Wenig Kritik am konstruktiven Journalismus beim Journalistentag

Leider ist eine solche Kritik am Konzept des konstruktiven Journalismus kaum zu hören. Sie fehlte weitgehend auf dem 35. Journalistentag der Dienstleistungsgewerkschaft ver.di, der sich Anfang März mit dem konstruktiven Journalismus befasste. In einem Kommentar der ver.di-Zeitschrift Menschen Machen Medien (MMM) hieß es über diese Konferenz: "Positiv besetztes Vokabular prägte die vielfältigen Diskussionsformate: chancenreich, lösungsorientiert, verlässlich, gesprächsbereit, gemeinschaftlich, analytisch...". Bei so vielen positiven Adjektiven wäre doch eine kritische Nachfrage angebracht gewesen. Doch die unterblieb auf den Journalistentag weitgehend.

Das wird in den Tagungsberichten von Menschen Machen Medien deutlich. Da wird ziemlich argumentfrei getitelt: "Konstruktiver Journalismus ist guter Journalismus" und in einem Beitrag wird gefordert "konstruktiv über Kriege" zu berichten. Dazu gehört, dass die Menschen möglichst divers sind, die zum Krieg in der Ukraine befragt werden.

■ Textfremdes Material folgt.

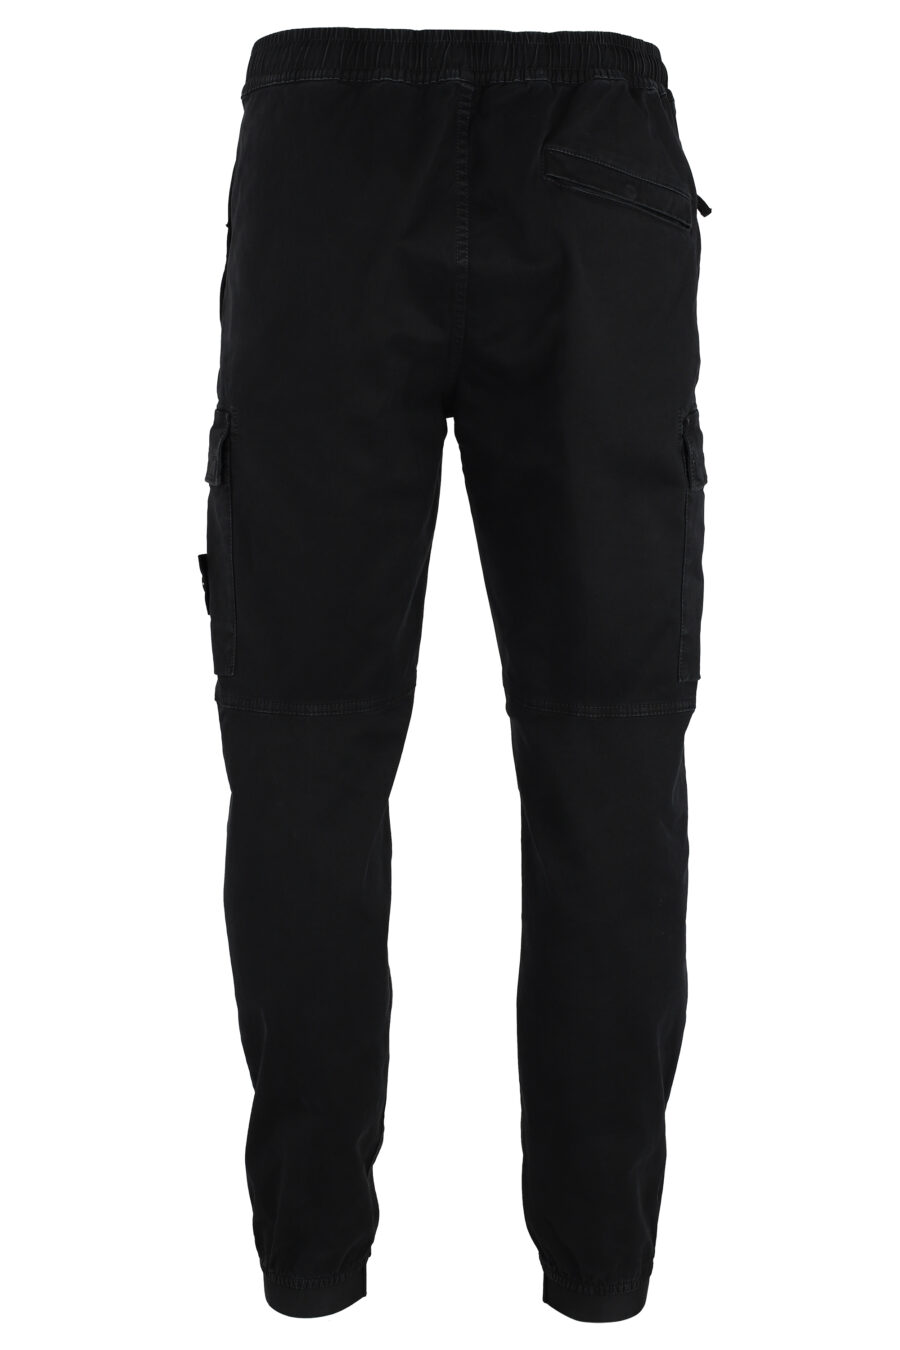 Pantalón negro estilo cargo con parche lateral - IMG 4801

Ein aufklärerischer und wirklich konstruktiver Journalismus würde vielleicht den wenigen Menschen auf allen Seiten eine Stimme geben, die sich für ein Ende des Kriegs einsetzen. Das kann ein Pazifist in der Ukraine ebenso sein, wie Beschäftigte aus Belorussland, Italien und Griechenland, die im letzten Jahr in ihren Ländern Waffentransporte blockierten.

Das wäre ein konstruktiver Journalismus im besten Sinne. Von einem gewerkschaftlichen Journalismustag hätte man sich gewünscht, dass solche kritischen Ansätze im Mittelpunkt stehen. Aufklären in Zeiten des Krieges, das würde auch bedeuten, die Profiteure der Kriege zu benennen wie Rheinmetall und Co., deren Aktien steigen, wenn Menschen fallen. Da müsste ein solcher aufklärerischer Journalismus auch mal konfrontativ statt konstruktiv werden.